We have collaborated extensively with researchers around the world who are analyzing genomics and high-throughput sequencing data. A question we are often asked by scientists pertains to the performance of variant analysis pipelines. We want to share some of our experiences with these tools with the community. In this report, we explore the capabilities of state-of-the-art germline variant calling pipelines for SNPs and small INDELs. We look specifically at their accuracy and runtimes under default testing conditions.

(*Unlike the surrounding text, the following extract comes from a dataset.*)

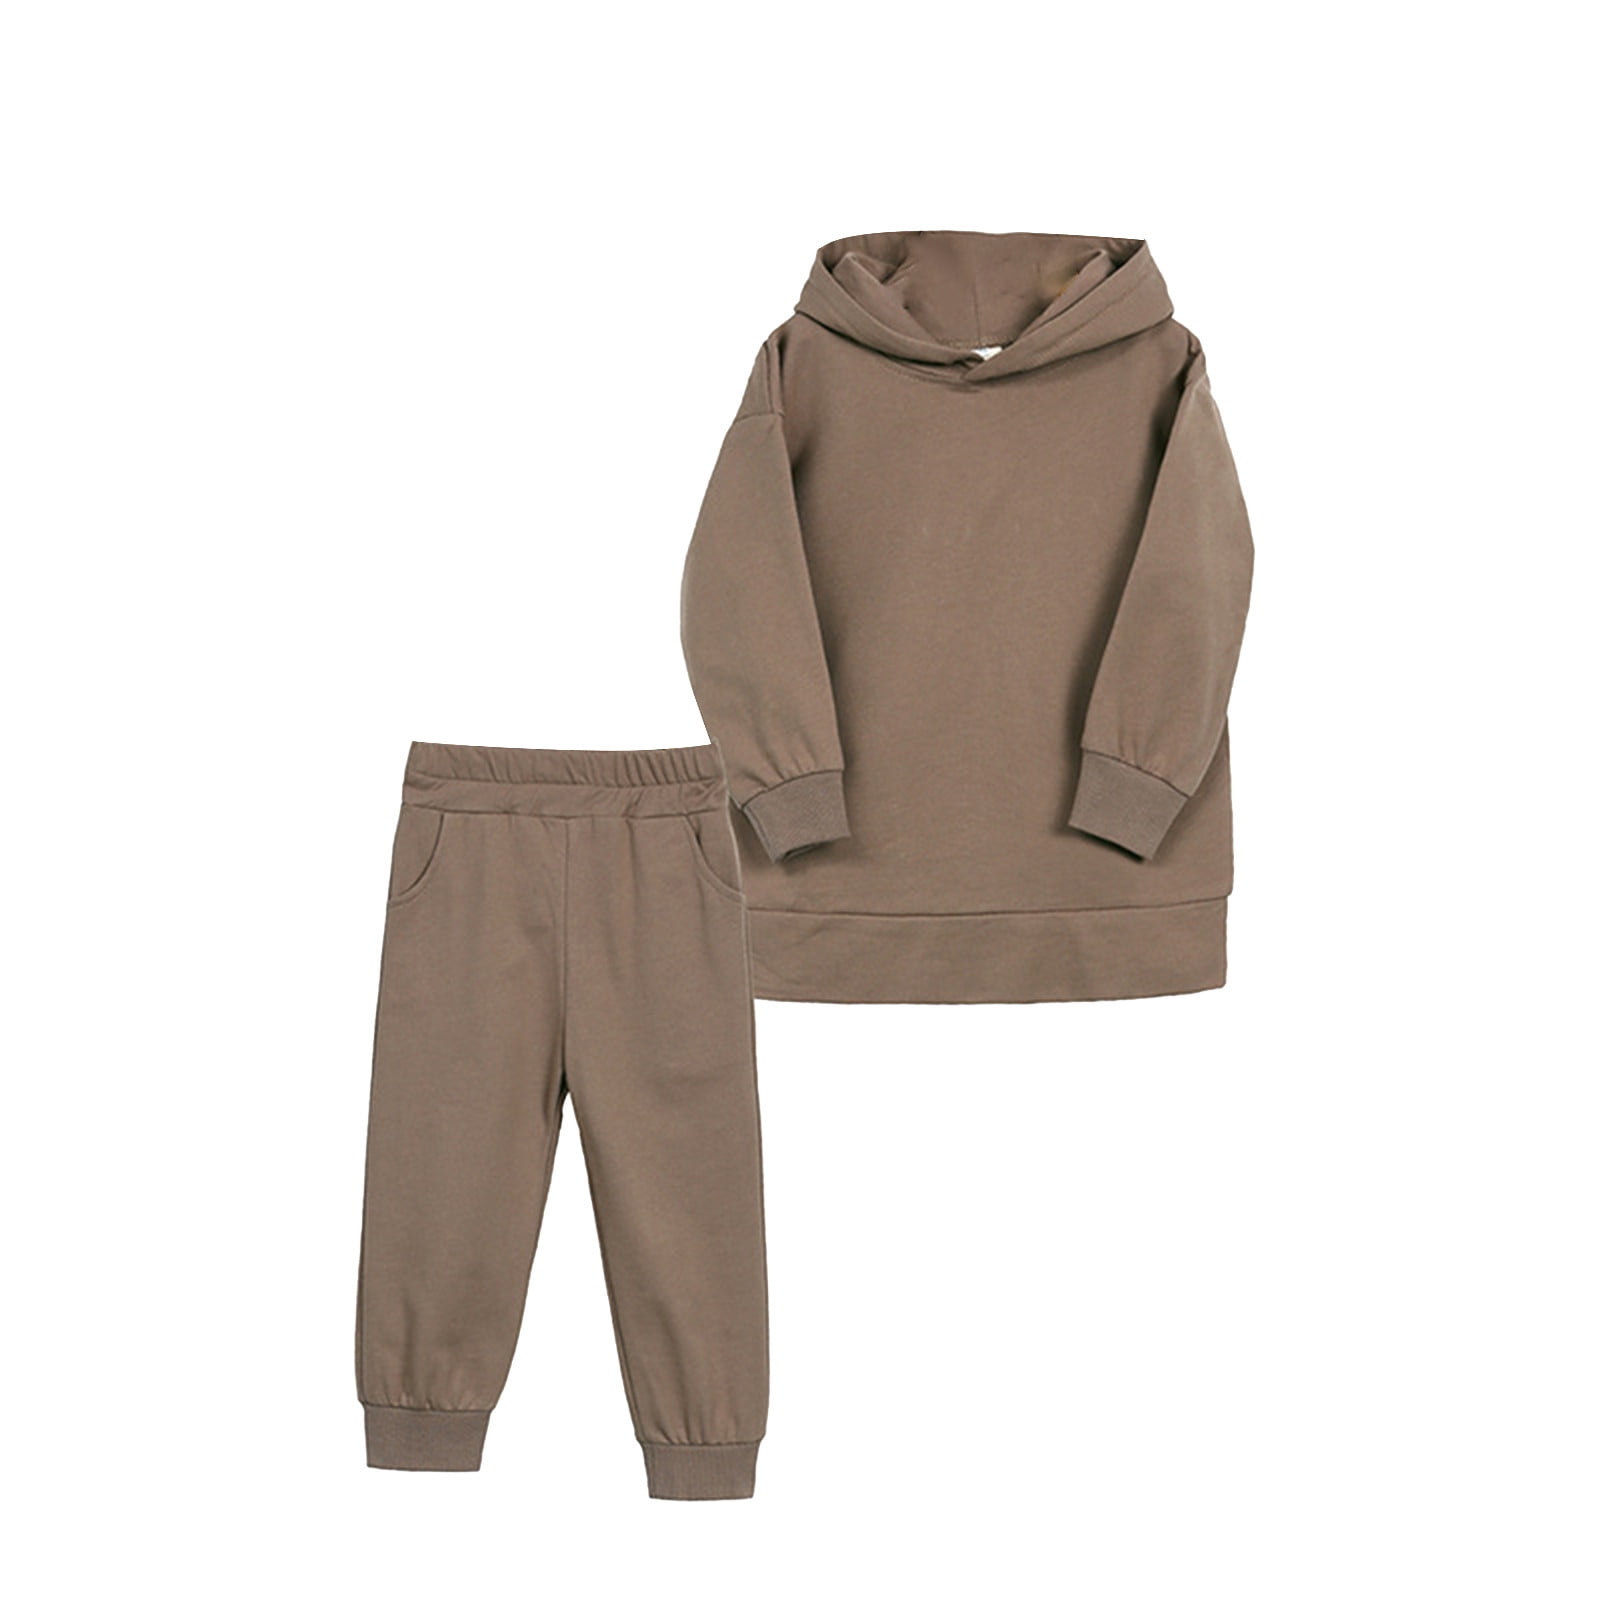 KaLI_store Cute Fall Outfits Boys Hoodie and Sweatpants 2 Piece

Genetic variant baseline for seven genomes by the Genome in a Bottle (GIAB) Consortium

Building a genetic variant “truth set” has been challenging. This is mostly due to the lack of orthogonal evidence, but also because the reads from current sequencing instruments still have unavoidable error rates ranging from 0.1% to 1%. In 2015, the Genome in a Bottle Consortium (GIAB), led by NIST, released high-confidence SNPs, INDELs, and homozygous reference regions that were generated with various sequencing technologies. GIAB refined genotype calls for each genome, and minimized bias toward any particular sequencer by aggregating calls from multiple technologies¹. They sequenced DNA from seven individual genomes: the Coriell cell line GM12878 (HG001)², the Ashkenazi Jewish trio (HG002, HG003, and HG004), and the Han Chinese trio (HG005, HG006, and HG007).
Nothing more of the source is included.